Album: Eternal Interlude

Label: Sunnyside

Review date: Aug. 17, 2009


John Hollenbeck’s second Large Ensemble album, Eternal Interlude, is an even more rewarding experience than 2005’ A Blessing. It finds the group exploring a wide variety of lean and opulent textures and expanding the palette of the percussionist’s typically complex and fascinating compositions.

The monumental title track’s opening bristles with tension in the service of a series of multi-timbral chords that shimmer with soft piano, swelling winds and malletted percussion. Hollenbeck’s orchestration, always intriguing in both his large ensemble and his Claudia Quintet, has taken a bold leap forward, most apparent in the way high flutes float over the morphing swells and ebbs. The main melodic material mixes romanticism and modernity in a brew of rhythmic surprise, but the piano keeps interrupting it with smart little arpeggios that later become a more integral part of the structure. There’s so much happening in these opening minutes that a more analytical study seems necessary, so multifarious are the morphing timbres. Gradually, and most enigmatic, the voice of Theo Bleckmann slides out of the transparency, most apparent just before the first major change and organ interlude. As regular rhythms become more pronounced and the volume increases, the melody is treated in fully harmonized orchestration.

These timbral concerns pervade the rest of the disc, but this is not simply an album of heads and solos. A notable exception is Ellery Eskelin’s scorching tenor saxophone contributions on “Perseverance,” but tightly composed passages abound. These are constantly changing forms that share elements with jazz, progressive rock and modern classical music. The opening of “Guarana” goes way outside the boundaries of conventional tonality, sporting little whoops and yips over tantalizing percussion, while the composition proper drives relentlessly forward on a sinewy melody. By contrast, the diminutive “No Boat” glides forward, looms briefly in gorgeous washes of harmony and fades as quickly as it came, sounding like updated Berg with a hint of minimalism for good measure. Radical yet somehow touchingly simple, it’s a perfect album closer.
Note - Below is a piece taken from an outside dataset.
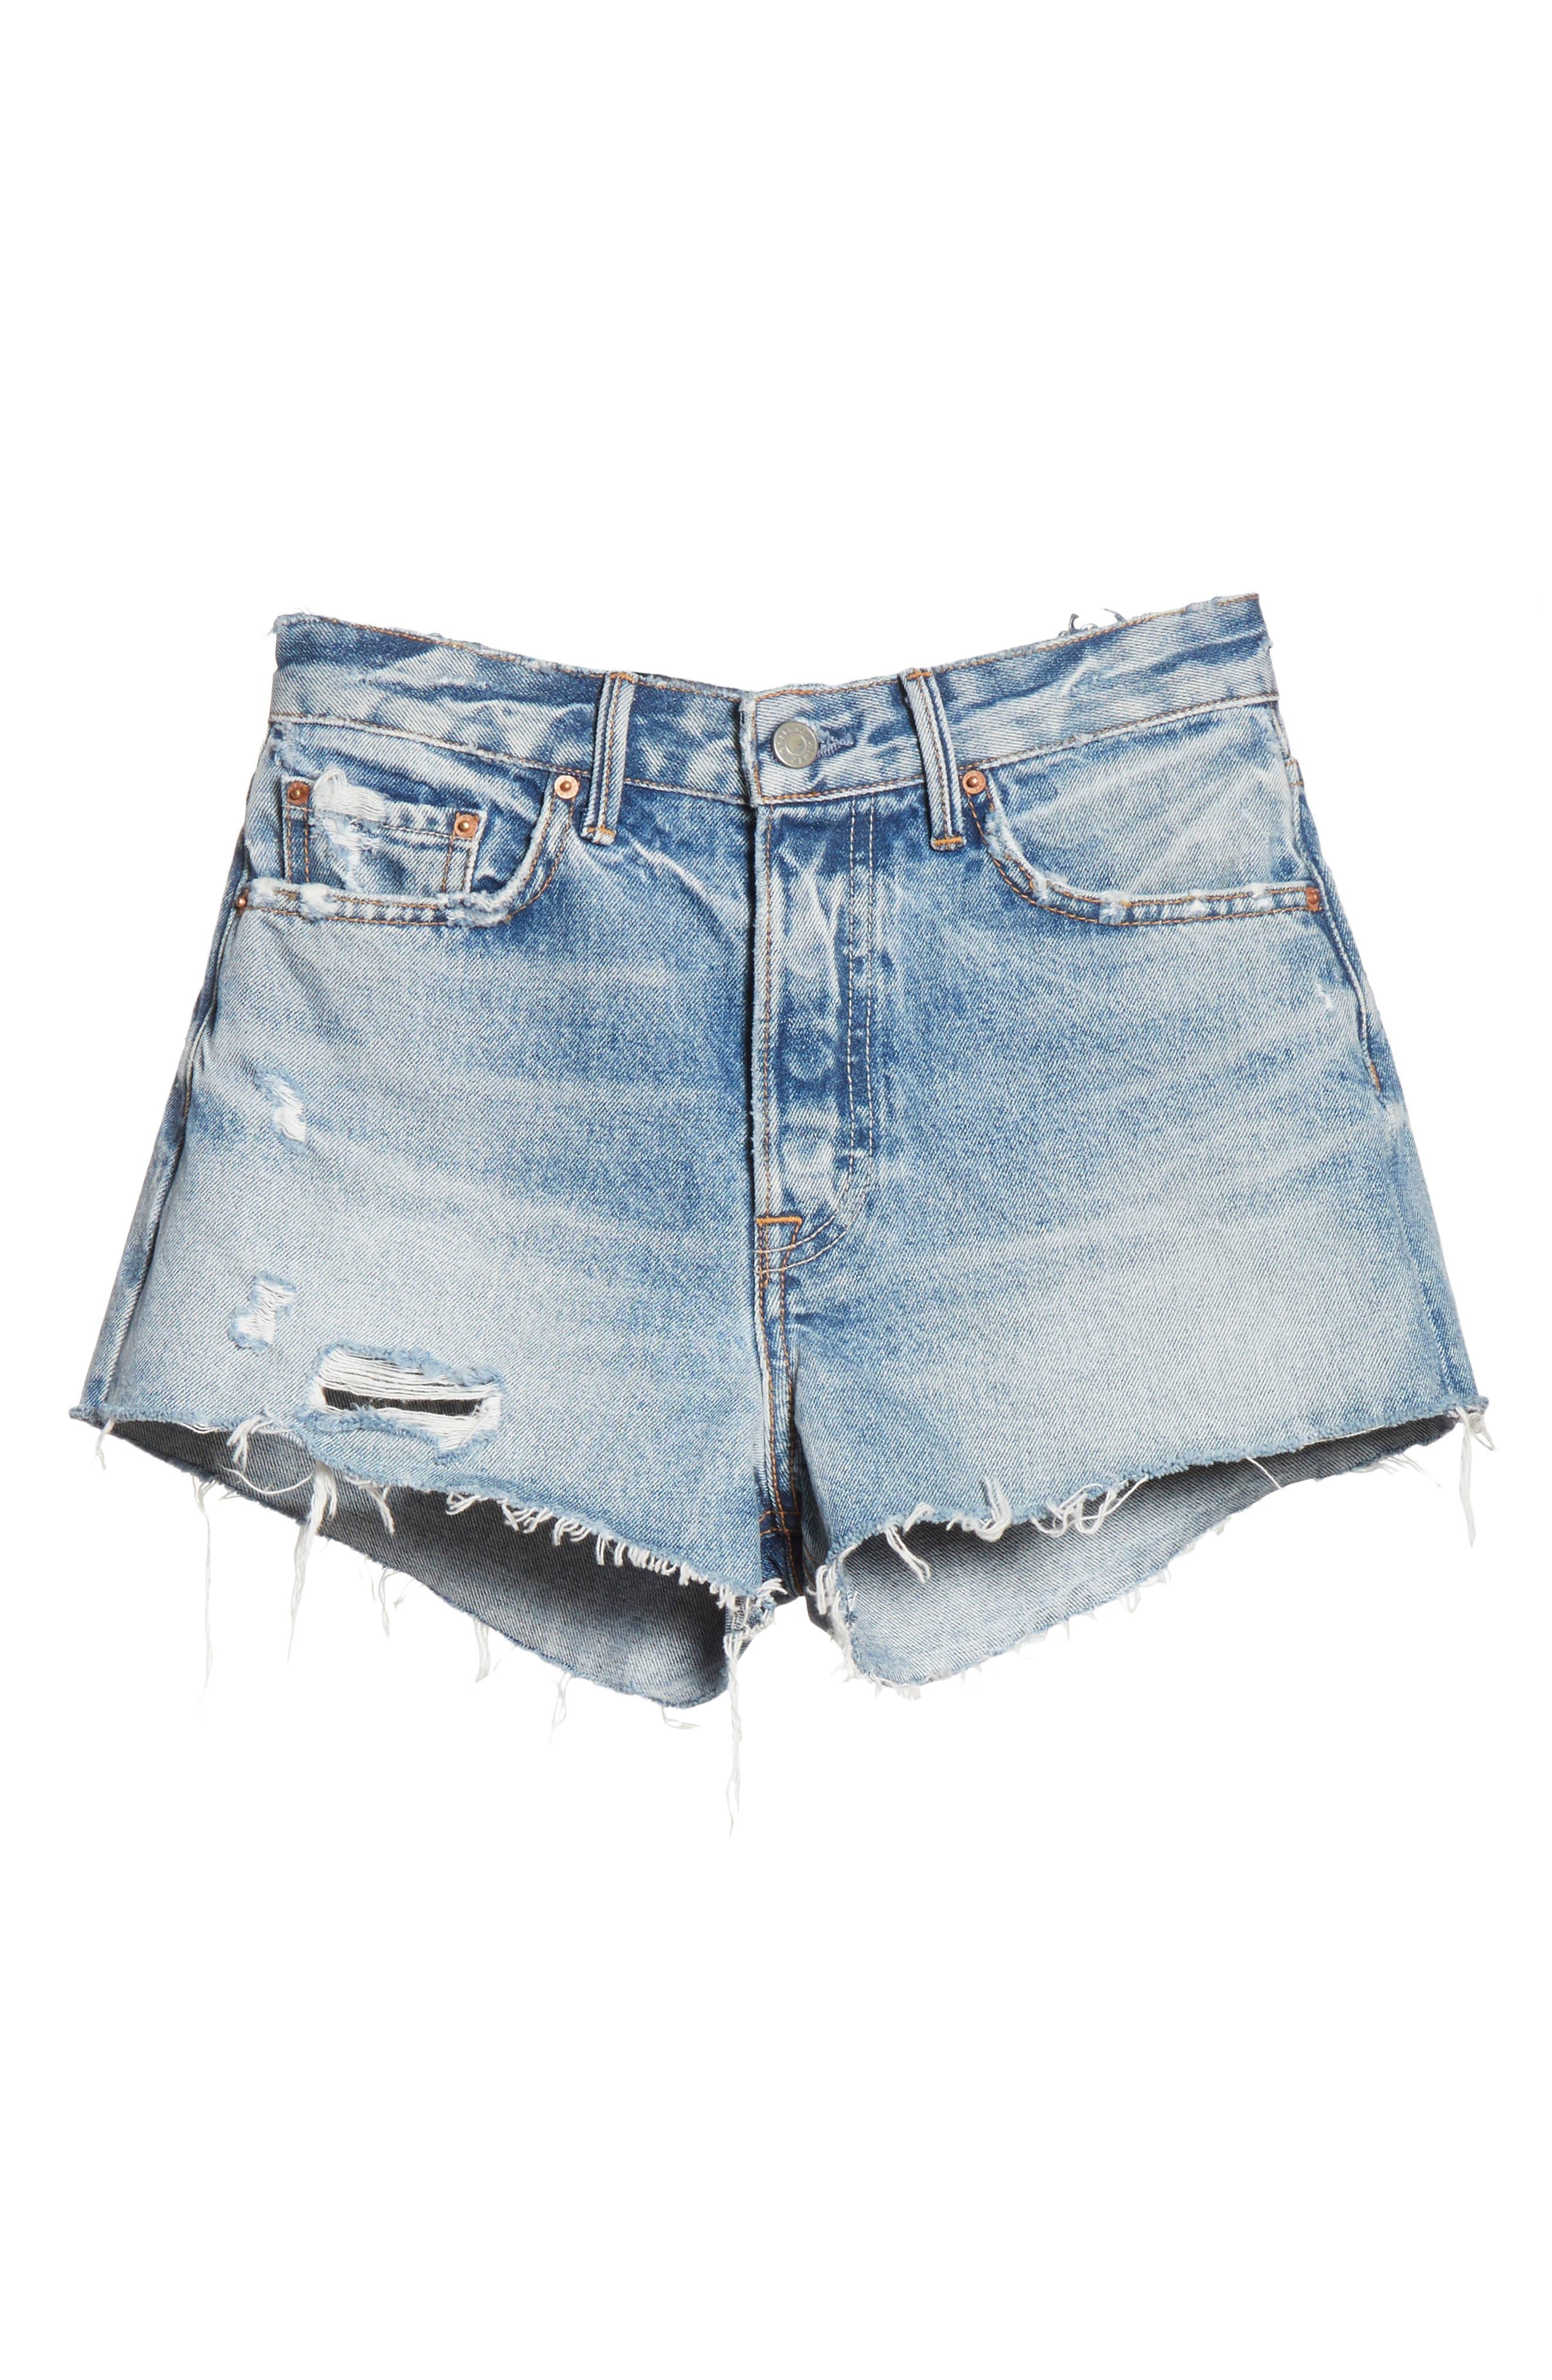 Cindy Rigid High Waist Denim Shorts,                             Alternate thumbnail 6, color,                             Stoned G601

A dense recording like Eternal Interlude simply doesn’t work if improperly engineered, and luckily, the production is stunning. Each sound is balanced, clear in context without sacrificing unity. Of course, conductor J.C. Sanford’s role is paramount, and he brings these pieces to life. This is one of the most satisfying and continually fascinating large ensemble discs I’ve heard in some time, a real treat from start to finish.